/avro-schema

Apache Avro schema tools for Tarantool

Primary LanguageLua

Build Status

Apache Avro schema tools

Apache Avro schema tools for Tarantool, implemented from scratch in Lua.

Notable features:

  • Avro defaults;
  • Avro aliases;
  • data transformations are fast due to runtime code generation;
  • extensions such as built-in nullable types.
avro_schema = require('avro_schema')

Table of contents

Installation

To install the module use

tarantoolctl rocks install avro-schema

Creating a schema

ok, schema = avro_schema.create {
    type = "record",
    name = "Frob",
    fields = {
      { name = "foo", type = "int", default = 42 },
      { name = "bar", type = "string" }
    }
  }

Creates a schema object (ok == true). If there was a syntax error, returns false and the error message.

Validating and normalizing data with a schema

ok, normalized_data_copy = avro_schema.validate(schema, { bar = "Hello, world!" })

Returns true if the data was valid. Otherwise, returns false and the error message.

The avro_schema.validate() function creates a normalized copy of the data. Normalization implies filling in default values for missing fields. For example, because the "foo" field has a default value = 42, the result from the above example will be { foo = 42, bar = "Hello, world!" }.

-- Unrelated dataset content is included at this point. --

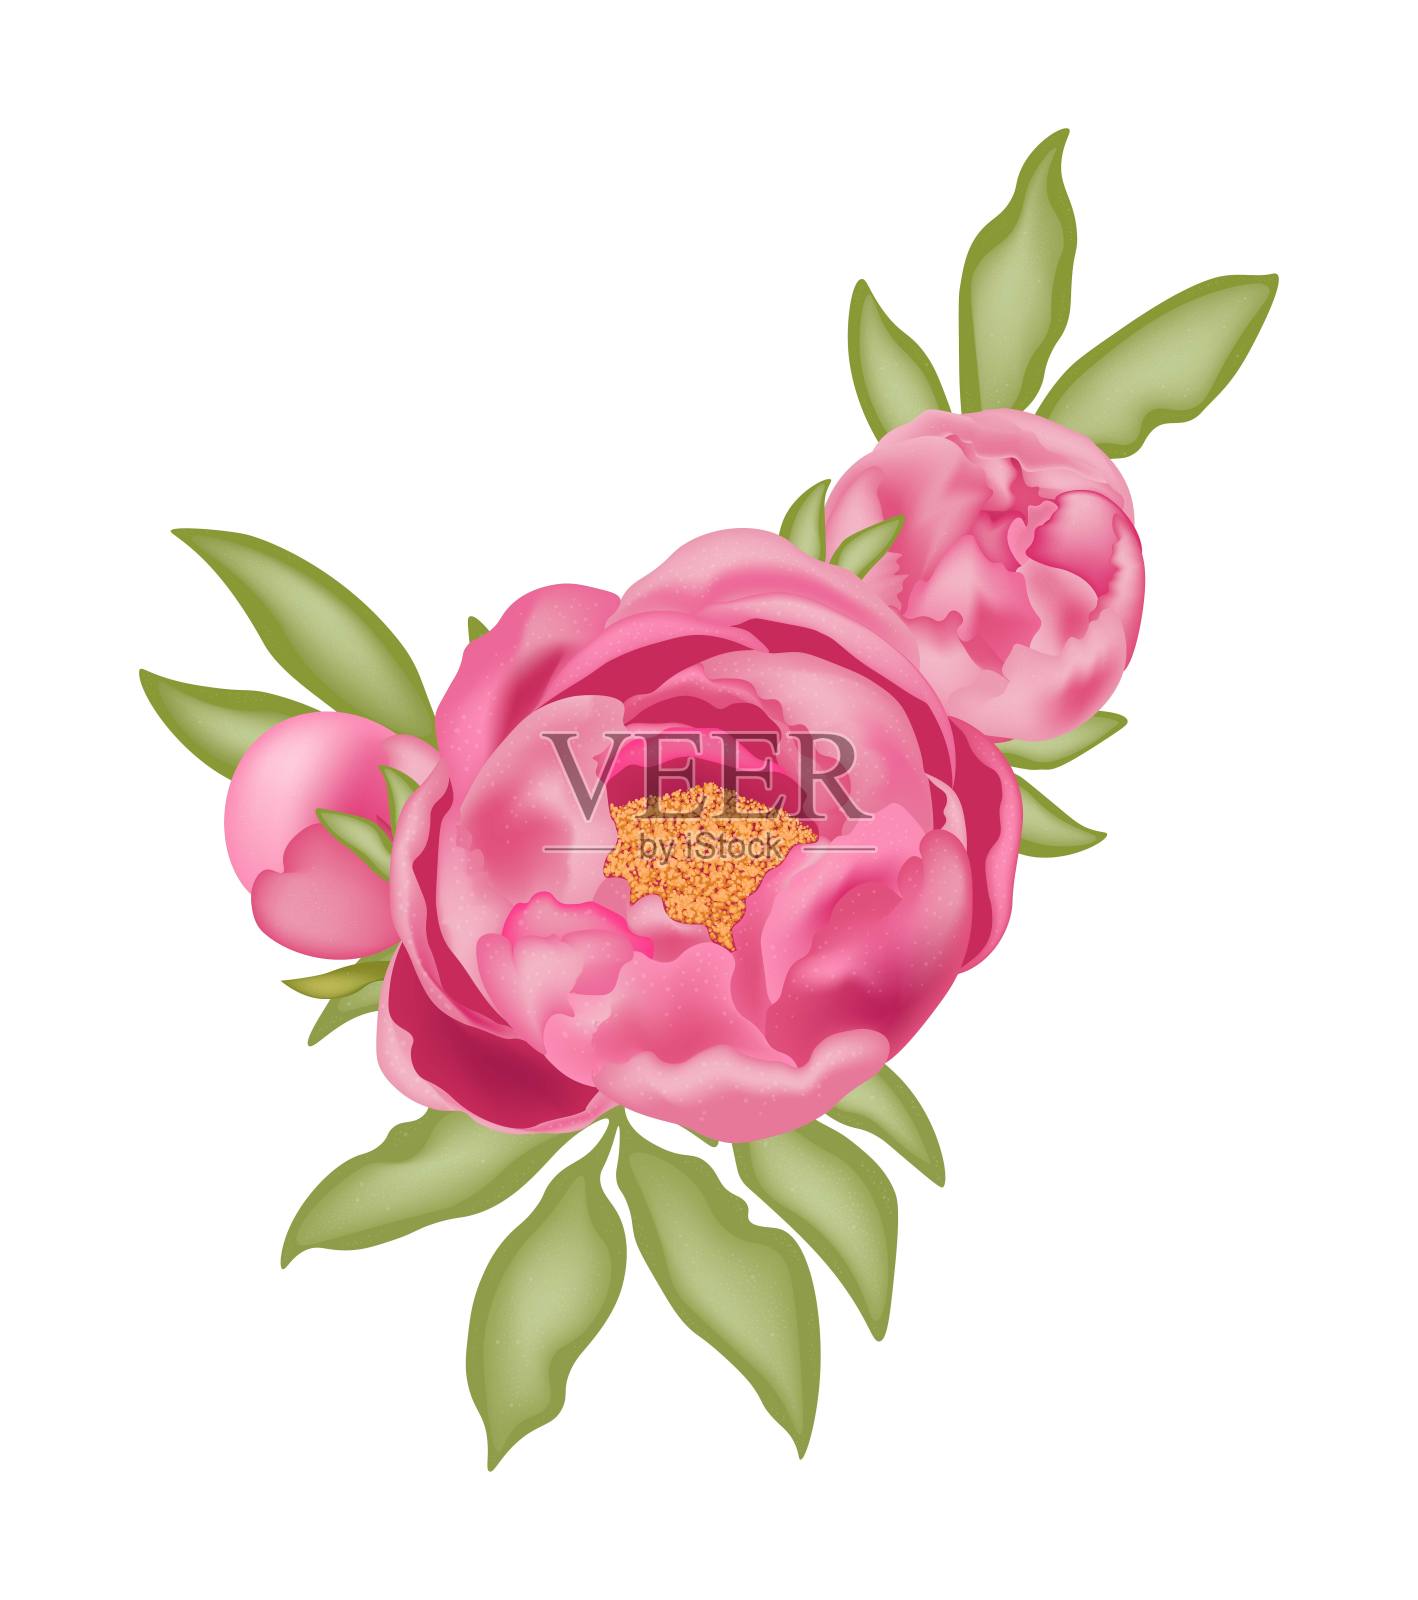 粉红色牡丹，叶和芽都是绿色的，白色背景，带有3D效果，矢量图。设计元素图片

Checking if schemas are compatible

To facilitate data evolution Avro defines certain schema mapping rules. If schemas A and B are compatible, then one can convert data from A to B.

ok = avro_schema.are_compatible(schema1, schema2)
ok = avro_schema.are_compatible(schema2, schema1, "downgrade")

Allowed modifications include:

  1. renaming types and record fields (provided that aliases are correctly set);
  2. extending records with new fields (these fields are initialized with default values, which are mandatory);
  3. removing fields (contents are simply removed during conversion);
  4. modifying unions and enums (provided that type definitions retain some similarity);
  5. type promotions are allowed (e.g. int is compatible with long but not vice versa).

Let's assume:

  • B is newer than A.
  • A defines Apple (a record type).
  • B renames it to Banana.

Upgrading data from A to B works, since Banana is marked as an alias of Apple. However, downgrading data from B to A does not work, since in A the record type Apple has no aliases.

To make it work we implement downgrade mode. In downgrade mode, name mapping rules take into account the aliases in the source schema, and ignore the aliases in the target schema.

Checking if an object is a schema object

avro_schema.is(object)

Querying a schema's field names or field types

avro_schema.get_names(schema [, service-fields])
avro_schema.get_types(schema [, service-fields])

The first argument must be a schema object, such as the one created in the Creating a schema example above.

The optional second argument is a table with names of types, such as {'string', 'int'}.

The result will be a Lua table of field names (for the get_names method) or a Lua table of field types (for the get_types method).

The order will match the field order in the flat representation.

Compiling schemas

Compiling a schema creates optimized data conversion routines (runtime code generation).

ok, methods = avro_schema.compile(schema)
ok, methods = avro_schema.compile({schema1, schema2})

If two schemas are provided, then the generated routines consume data in schema1 and produce results in schema2.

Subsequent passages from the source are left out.